So you have to understand the track, before you can modify it. As I said, it is useful to read the matinee documentation and play around with it in UDK.

Now, how do we do this in ME3Explorer? First, we have to find the InterpData object:
Spoiler:
Image

Ok, in this object, we can find two things of immediate interest:
1. the InterpLength property, which determins the entire length of the matinee (the green area in my UDK screenshot)
2. An array called InterpGroups, which contains information on where to find the groups for this matinee object.
There is no automated array reader because arrays can be pretty diverse, so we'll have to look into the HEX code, to see what's in there (don't worry, this is not too bad): EDIT: I wasn't aware of this at the time but you can use the "Interpret" button in the toolbar to have PCC Editor 2 translate the HEX for you and make your life a lot easier!
Spoiler:
Image

The image should be pretty self explanatory. By the way, apart from the entries themselves, this is how all arrays are set up. So how did I know that I want to go to C7 08 00 00? You can just do it by trial and error. I actually came at the problem from the back (more on that later).
Ok, let's go find our InterpGroup object:
Spoiler:
Image

Huh, looks pretty similar to the InterpData. Only that here, the array is called InterpTracks and contains info about all the tracks in this group. So, let's do the same procedure again:
Spoiler:
Image

And let's go find our InterpTrack object:
Spoiler:
Image

Now we are getting somewhere. The object we found is called BioEvtSysTrackInterrupt, which is looking good for an interrupt. So this is how I actually found this track in the first place. I searched for something in the pcc file that looked like it might be good for an interrupt and went the ladder back up through it's parents until I found the corresponding matinee object. You can see the parent of an object by going to the Meta Data Editor tab and looking at the "Link". Don't forget that the number here is off by 1 as always for objects in the export list. In the end, there no really great way to find individual tracks for now. We'll just have to do some searching.

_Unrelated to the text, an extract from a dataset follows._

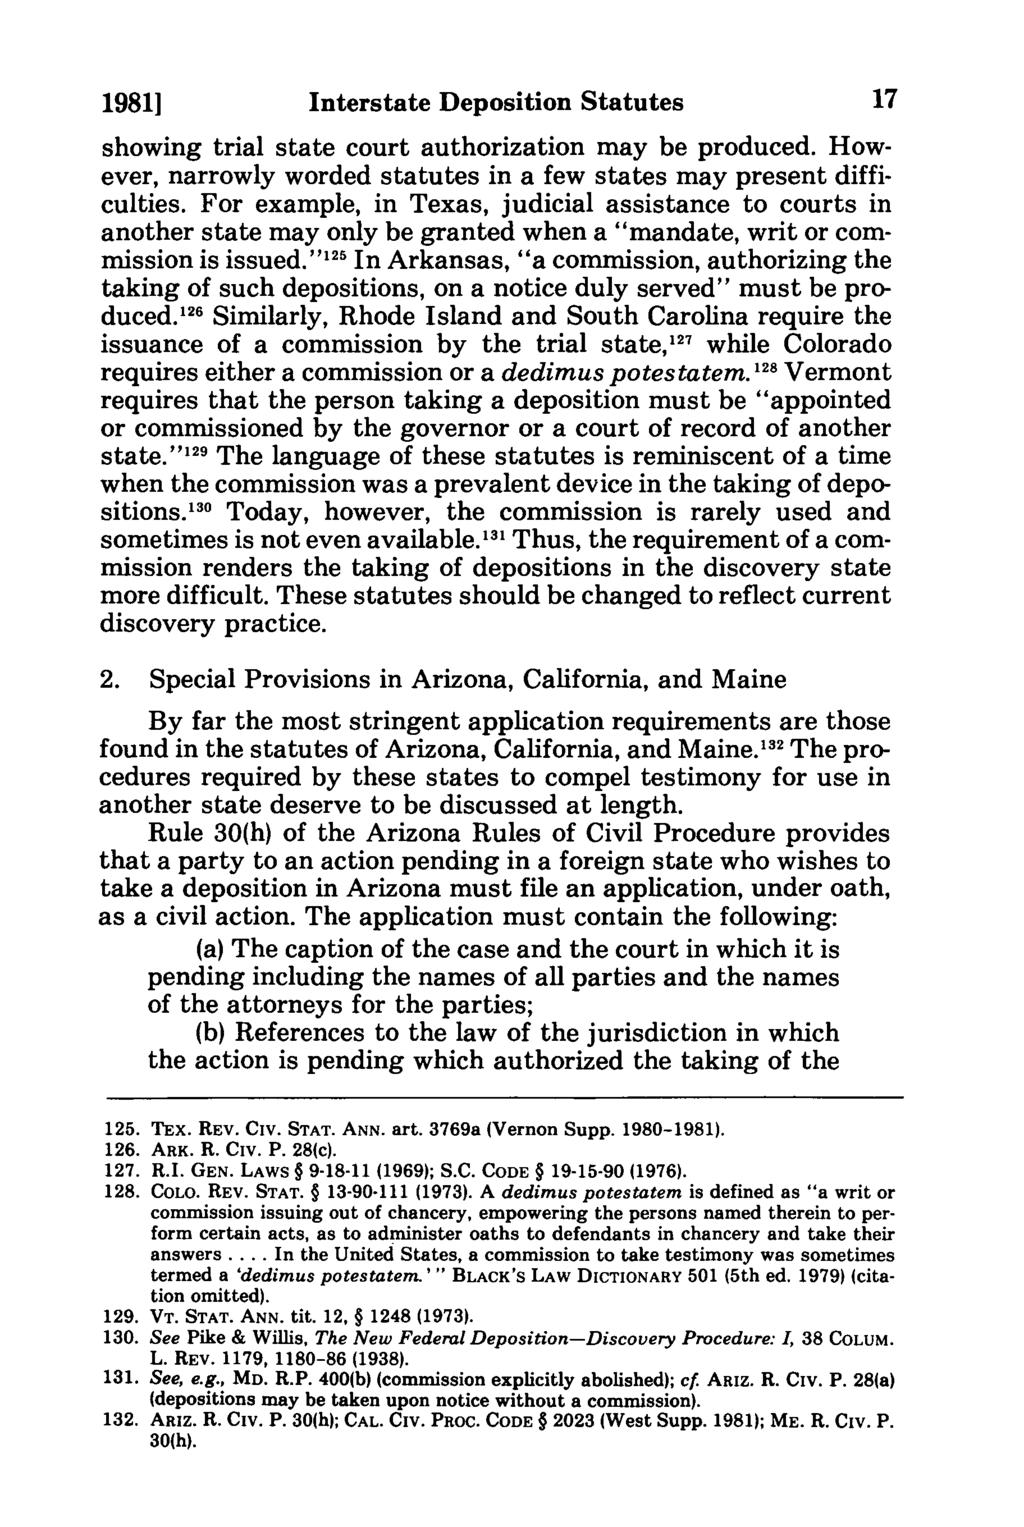 1981] Interstate Deposition Statutes showing trial state court authorization may be produced. However, narrowly worded statutes in a few states may present difficulties.

Anyway, let's move on. You can see that we are again looking at two arrays, one with Data for the Interrupt and one with the name and timing information about the key frame. Because they are arrays, we go back to HEX:
Spoiler:
Image


Let's start with the InterruptData array and go through it byte by byte:
Code: Select all
63 07 00 00 00 00 00 00 -> Property Name (from NameList)  = m_aInterpData
65 00 00 00 00 00 00 00 -> Property type (from NameList) = ArrayProperty
25 00 00 00 00 00 00 00 -> Array size = 25 in HEX
01 00 00 00 -> Number of entries = 1 (this array has only one entry

Ok, this was the header, now comes the actual entry in this array. One property is stored:
Code: Select all
2B 01 00 00 00 00 00 00 -> Property Name (from NameList) = bShowInterrupt
0F 01 00 00 00 00 00 00 -> Property type (from NameList) = BoolProperty
00 00 00 00 00 00 00 00 -> Empty bytes, these are always seen in bool properties like this
01 -> The bool is set to true
1c 08 00 00 00 00 00 00 -> "None" (from the NameList). This always marks the end of an array entry in which properties are stored)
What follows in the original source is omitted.